Filipovic David, Kana Omar, Marri Daniel, Bhattacharya Sudin
Institute for Quantitative Health Science & Engineering, East Lansing, MI, 48824, USA.
Department of Pharmacology & Toxicology, Michigan State University, East Lansing, MI, 48824, USA.
Curr Opin Toxicol. 2024 Jun;38. doi: 10.1016/j.cotox.2024.100475. Epub 2024 Mar 29.

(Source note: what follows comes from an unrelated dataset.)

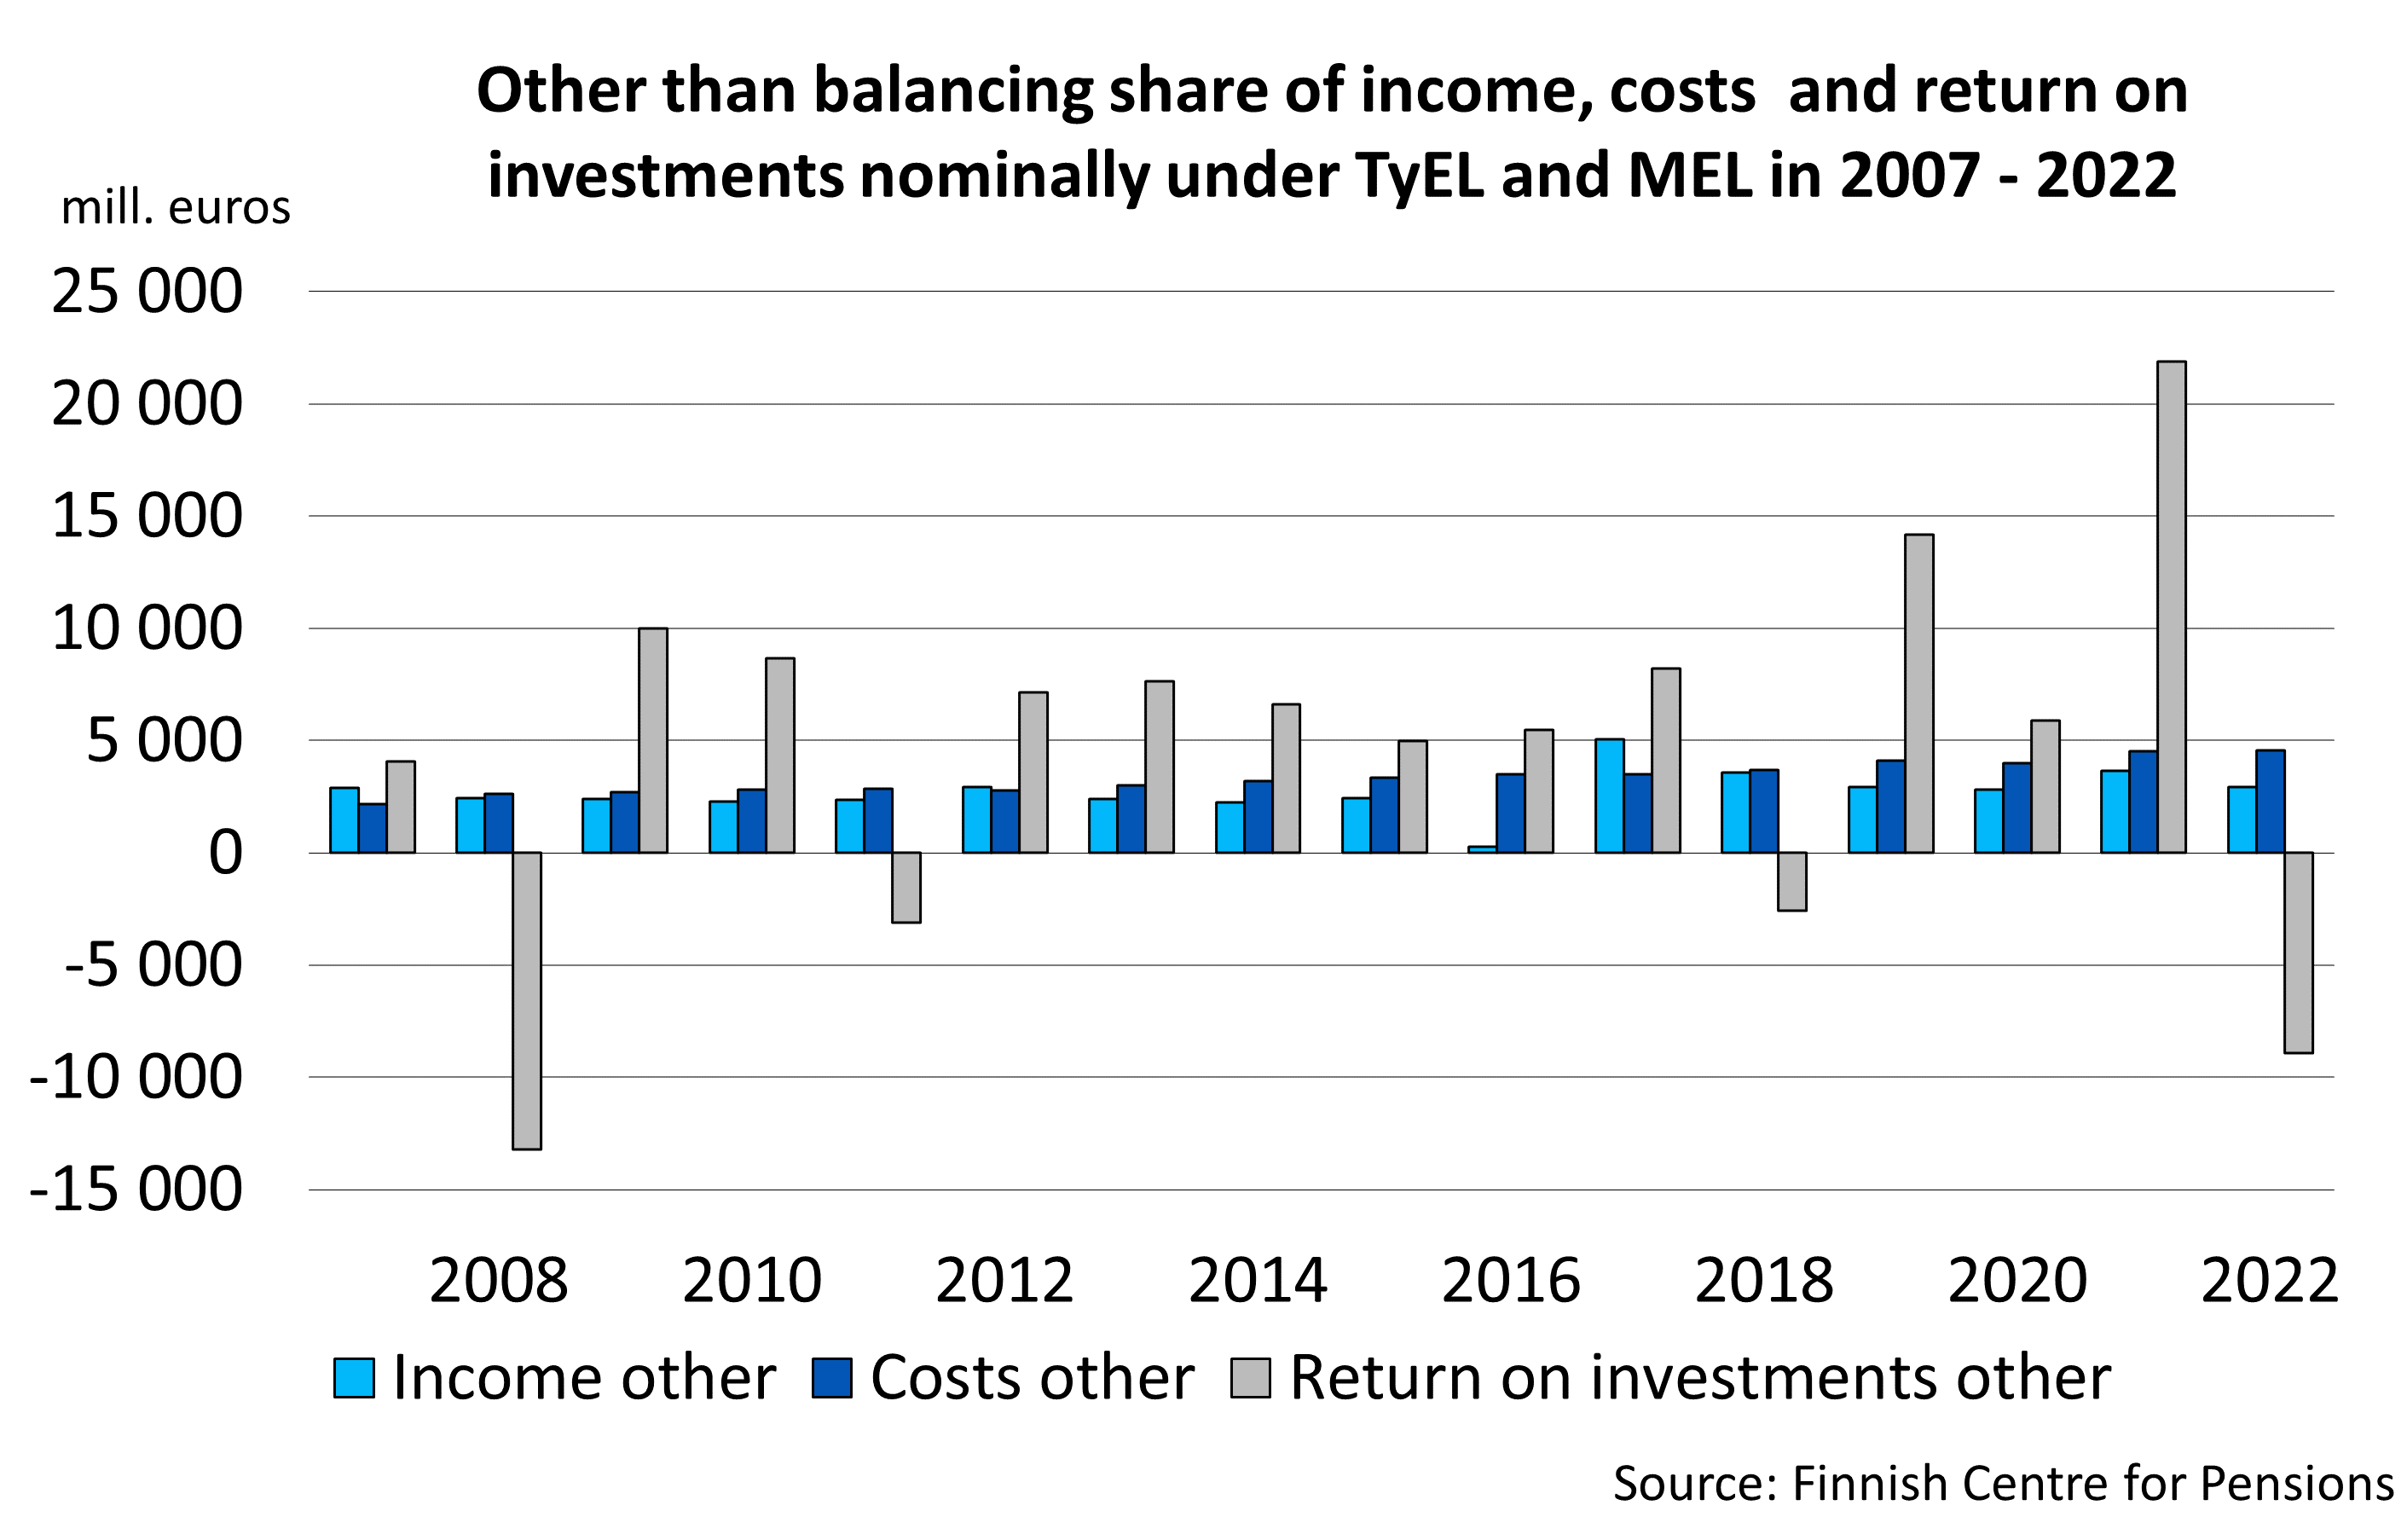 Other than balancing share of income, costs  and return on investments nominally under TyEL and MEL in 2007 - 2020

The application and analysis of single-cell transcriptomics in toxicology presents unique challenges. These include identifying cell sub-populations sensitive to perturbation; interpreting dynamic shifts in cell type proportions in response to chemical exposures; and performing differential expression analysis in dose-response studies spanning multiple treatment conditions. This review examines these challenges while presenting best practices for critical single cell analysis tasks. This covers areas such as cell type identification; analysis of differential cell type abundance; differential gene expression; and cellular trajectories. Towards enhancing the use of single-cell transcriptomics in toxicology, this review aims to address key challenges in this field and offer practical analytical solutions. Overall, applying appropriate bioinformatic techniques to single-cell transcriptomic data can yield valuable insights into cellular responses to toxic exposures.
单细胞转录组学在毒理学中的应用与分析面临着独特的挑战。这些挑战包括识别对扰动敏感的细胞亚群;解释化学暴露后细胞类型比例的动态变化;以及在跨越多种处理条件的剂量反应研究中进行差异表达分析。本综述在探讨这些挑战的同时,还介绍了关键单细胞分析任务的最佳实践。这涵盖了细胞类型识别、差异细胞类型丰度分析、差异基因表达分析以及细胞轨迹分析等领域。为了加强单细胞转录组学在毒理学中的应用,本综述旨在解决该领域的关键挑战并提供实用的分析解决方案。总体而言,将适当的生物信息学技术应用于单细胞转录组数据能够为细胞对毒性暴露的反应提供有价值的见解。